→ **The task**
Output only the stretch of the listing that starts at the line containing "Black Bandhgala Suit" and ends at the line containing "EL FANTASMA logra", reproduced exactly with both ends.

→ **Records**
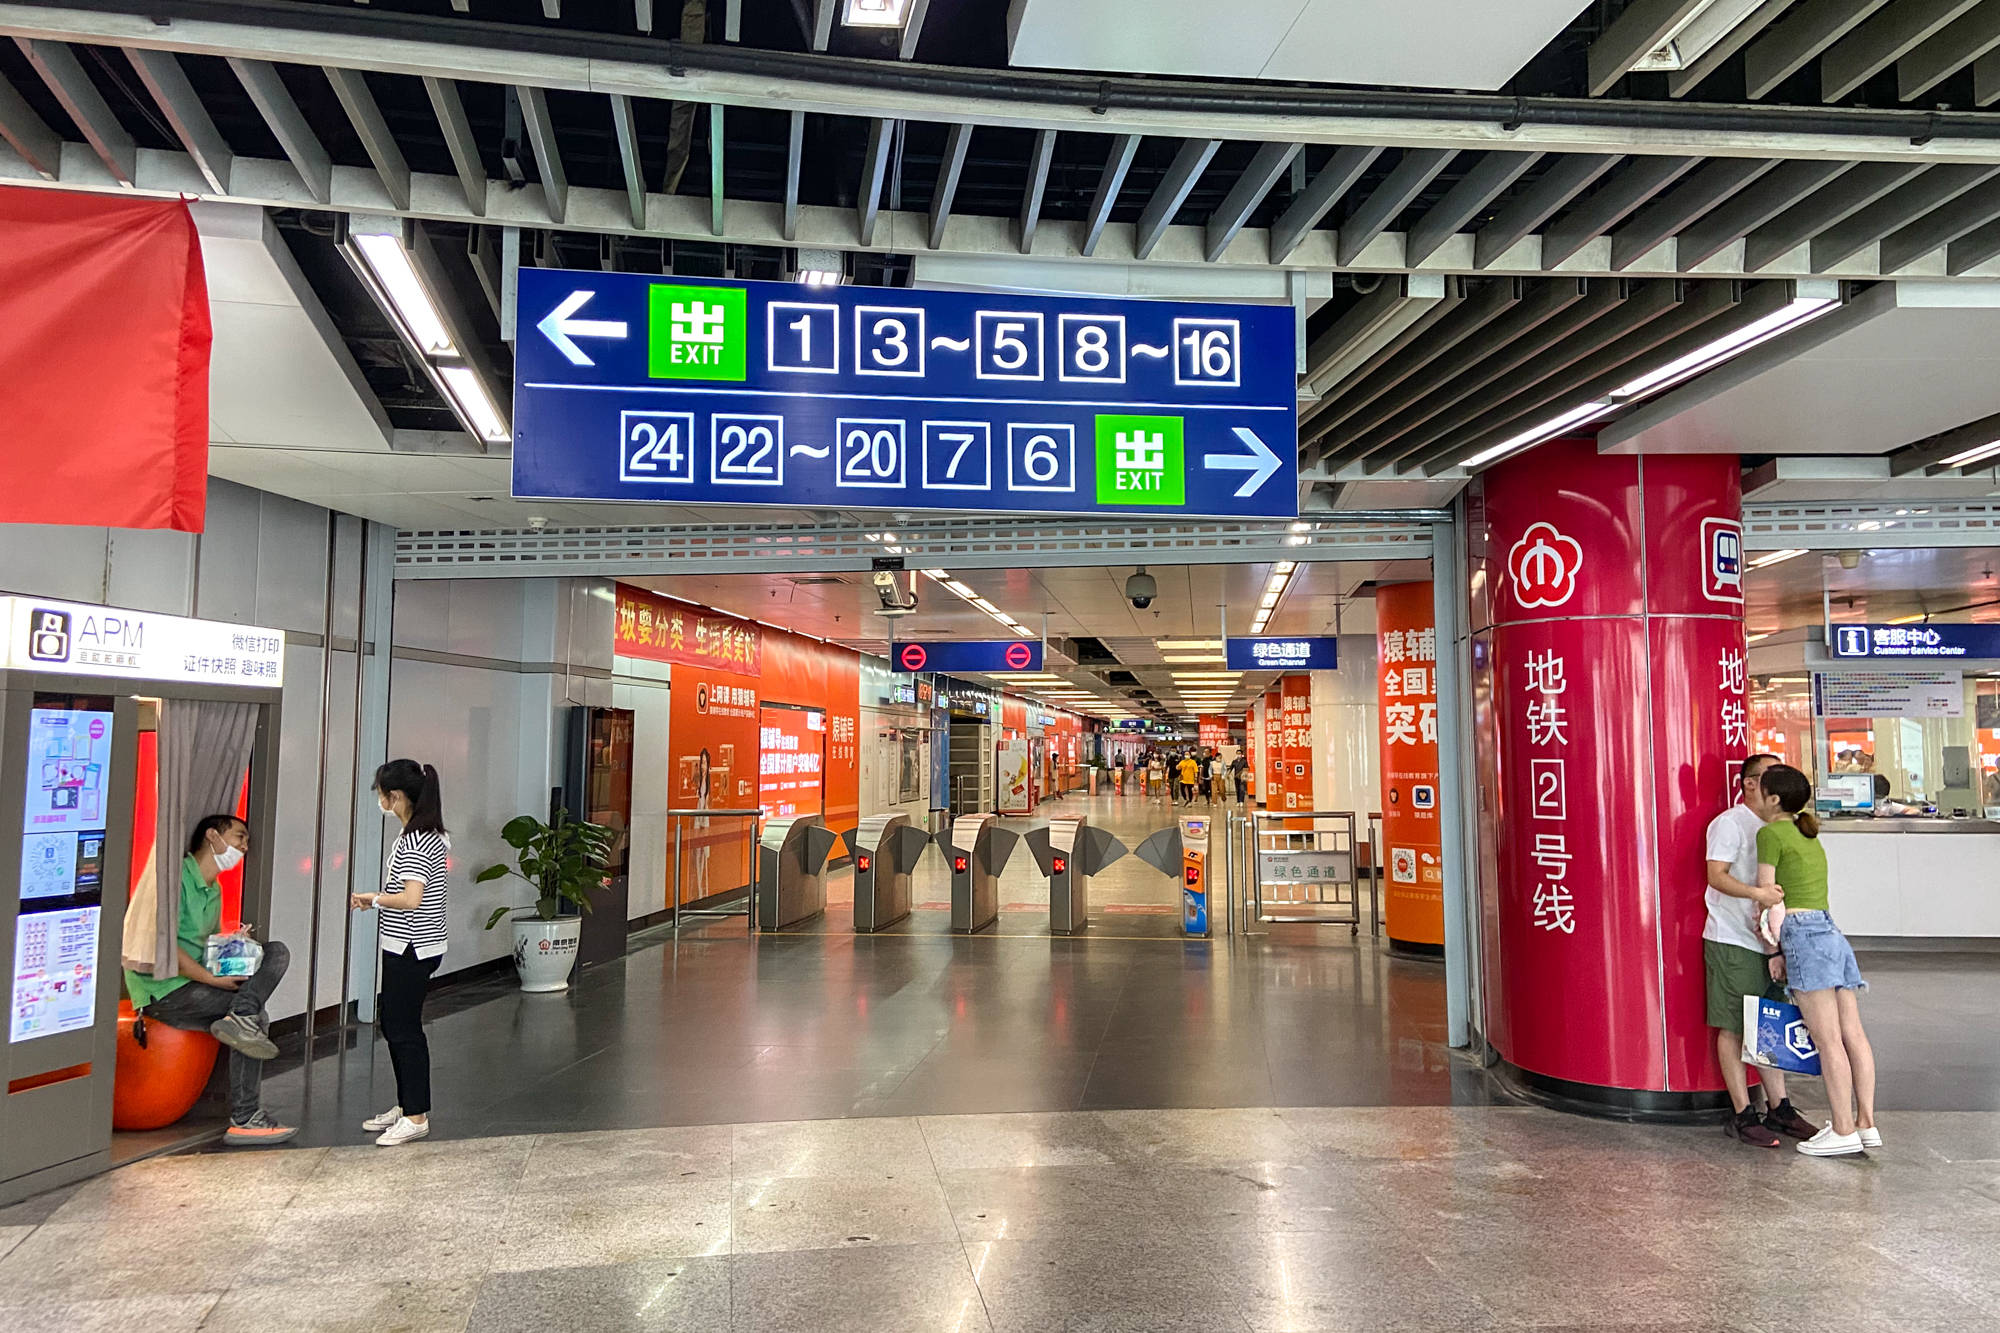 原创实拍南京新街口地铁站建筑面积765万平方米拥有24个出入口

---

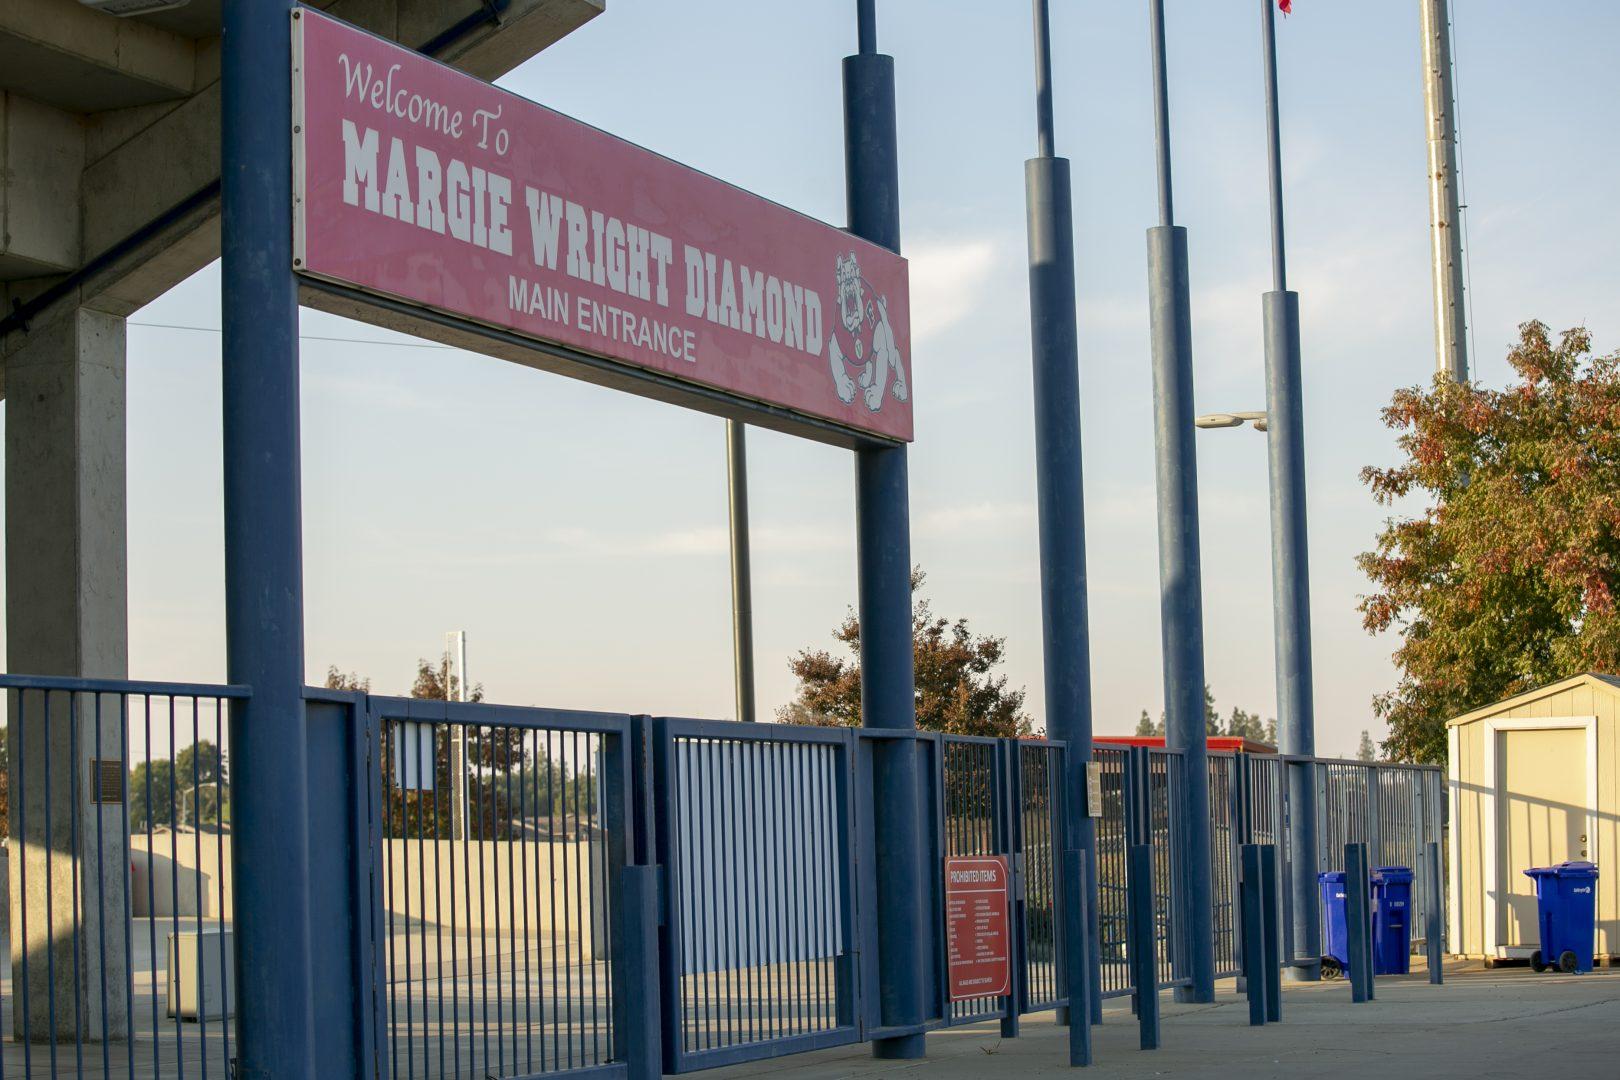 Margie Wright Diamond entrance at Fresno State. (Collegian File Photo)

...

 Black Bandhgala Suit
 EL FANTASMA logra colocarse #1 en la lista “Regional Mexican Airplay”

→ **Result**
 Black Bandhgala Suit
 EL FANTASMA logra colocarse #1 en la lista “Regional Mexican Airplay”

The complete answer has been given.